**What to do:**
Using the listing below, keep only the lines with the word "shoes" and copy them.

·····

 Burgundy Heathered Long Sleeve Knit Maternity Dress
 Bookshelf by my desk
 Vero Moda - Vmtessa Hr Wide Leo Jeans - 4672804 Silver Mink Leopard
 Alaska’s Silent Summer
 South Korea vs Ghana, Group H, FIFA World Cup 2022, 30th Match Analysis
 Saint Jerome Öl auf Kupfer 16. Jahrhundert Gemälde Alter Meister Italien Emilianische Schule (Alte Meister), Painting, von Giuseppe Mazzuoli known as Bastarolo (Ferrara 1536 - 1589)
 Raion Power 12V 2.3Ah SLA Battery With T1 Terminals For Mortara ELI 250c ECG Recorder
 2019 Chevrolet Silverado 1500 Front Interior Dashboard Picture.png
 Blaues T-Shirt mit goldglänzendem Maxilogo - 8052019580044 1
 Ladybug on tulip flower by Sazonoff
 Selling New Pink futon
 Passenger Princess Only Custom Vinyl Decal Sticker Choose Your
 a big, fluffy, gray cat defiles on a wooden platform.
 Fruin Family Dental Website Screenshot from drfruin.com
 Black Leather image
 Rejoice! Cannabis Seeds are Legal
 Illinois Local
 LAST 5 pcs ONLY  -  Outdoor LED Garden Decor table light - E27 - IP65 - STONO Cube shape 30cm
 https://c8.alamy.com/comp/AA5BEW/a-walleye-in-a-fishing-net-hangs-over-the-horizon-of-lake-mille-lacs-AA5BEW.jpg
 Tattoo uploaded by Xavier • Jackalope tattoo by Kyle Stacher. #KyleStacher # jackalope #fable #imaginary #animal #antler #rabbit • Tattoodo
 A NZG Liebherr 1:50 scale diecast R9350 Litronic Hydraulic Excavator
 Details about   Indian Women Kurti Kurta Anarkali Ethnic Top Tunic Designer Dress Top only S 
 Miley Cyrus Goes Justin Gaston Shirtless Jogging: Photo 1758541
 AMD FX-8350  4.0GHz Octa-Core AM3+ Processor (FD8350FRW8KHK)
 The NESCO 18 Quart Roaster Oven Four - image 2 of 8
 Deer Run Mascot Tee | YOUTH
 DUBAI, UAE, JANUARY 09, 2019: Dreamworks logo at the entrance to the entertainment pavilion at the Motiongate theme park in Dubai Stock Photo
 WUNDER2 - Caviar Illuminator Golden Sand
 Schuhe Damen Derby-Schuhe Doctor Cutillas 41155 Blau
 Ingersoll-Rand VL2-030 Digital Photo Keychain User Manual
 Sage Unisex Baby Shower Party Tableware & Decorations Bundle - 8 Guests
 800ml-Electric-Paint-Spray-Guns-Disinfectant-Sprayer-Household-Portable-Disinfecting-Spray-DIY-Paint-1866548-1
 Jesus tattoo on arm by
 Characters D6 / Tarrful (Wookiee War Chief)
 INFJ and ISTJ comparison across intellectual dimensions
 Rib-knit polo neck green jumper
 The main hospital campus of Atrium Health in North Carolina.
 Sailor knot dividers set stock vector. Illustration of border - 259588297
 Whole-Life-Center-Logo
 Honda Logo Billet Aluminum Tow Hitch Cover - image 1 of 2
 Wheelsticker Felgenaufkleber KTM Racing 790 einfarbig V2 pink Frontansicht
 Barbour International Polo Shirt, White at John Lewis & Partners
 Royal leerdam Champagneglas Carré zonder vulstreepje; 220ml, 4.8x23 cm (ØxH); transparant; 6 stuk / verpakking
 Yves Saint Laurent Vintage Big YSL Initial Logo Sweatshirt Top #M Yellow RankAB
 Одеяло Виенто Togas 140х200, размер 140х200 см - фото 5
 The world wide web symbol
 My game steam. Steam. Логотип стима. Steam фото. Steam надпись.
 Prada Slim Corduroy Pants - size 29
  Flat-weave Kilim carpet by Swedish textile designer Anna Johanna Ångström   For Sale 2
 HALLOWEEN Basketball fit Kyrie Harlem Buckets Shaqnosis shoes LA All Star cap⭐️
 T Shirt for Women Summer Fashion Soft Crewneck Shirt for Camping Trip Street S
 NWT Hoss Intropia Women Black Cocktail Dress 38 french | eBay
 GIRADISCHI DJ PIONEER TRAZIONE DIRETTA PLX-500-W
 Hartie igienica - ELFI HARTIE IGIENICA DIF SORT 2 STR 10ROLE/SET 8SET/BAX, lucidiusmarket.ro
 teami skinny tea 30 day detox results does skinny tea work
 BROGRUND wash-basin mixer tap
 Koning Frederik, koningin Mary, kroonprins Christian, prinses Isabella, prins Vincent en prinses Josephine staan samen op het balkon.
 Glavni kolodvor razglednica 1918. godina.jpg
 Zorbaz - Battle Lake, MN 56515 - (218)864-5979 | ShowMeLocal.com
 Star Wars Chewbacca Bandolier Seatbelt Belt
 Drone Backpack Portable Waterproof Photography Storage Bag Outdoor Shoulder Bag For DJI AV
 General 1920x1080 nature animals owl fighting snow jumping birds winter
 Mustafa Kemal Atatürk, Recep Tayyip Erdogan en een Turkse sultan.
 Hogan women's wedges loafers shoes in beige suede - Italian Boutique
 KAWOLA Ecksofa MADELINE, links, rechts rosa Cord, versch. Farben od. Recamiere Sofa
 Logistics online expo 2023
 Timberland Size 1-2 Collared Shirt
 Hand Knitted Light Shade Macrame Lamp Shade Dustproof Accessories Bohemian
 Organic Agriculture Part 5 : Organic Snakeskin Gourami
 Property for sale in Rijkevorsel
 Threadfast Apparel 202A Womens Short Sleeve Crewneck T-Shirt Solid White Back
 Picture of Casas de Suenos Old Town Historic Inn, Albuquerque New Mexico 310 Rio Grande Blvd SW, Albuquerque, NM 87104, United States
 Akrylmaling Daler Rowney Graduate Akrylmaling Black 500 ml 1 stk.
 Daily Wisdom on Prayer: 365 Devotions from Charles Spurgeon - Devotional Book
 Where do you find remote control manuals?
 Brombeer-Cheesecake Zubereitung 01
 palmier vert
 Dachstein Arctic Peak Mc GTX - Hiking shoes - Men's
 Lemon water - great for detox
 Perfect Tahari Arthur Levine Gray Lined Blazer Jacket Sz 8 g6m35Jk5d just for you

·····

**Result of the exercise:**
 HALLOWEEN Basketball fit Kyrie Harlem Buckets Shaqnosis shoes LA All Star cap⭐️
 Hogan women's wedges loafers shoes in beige suede - Italian Boutique
 Dachstein Arctic Peak Mc GTX - Hiking shoes - Men's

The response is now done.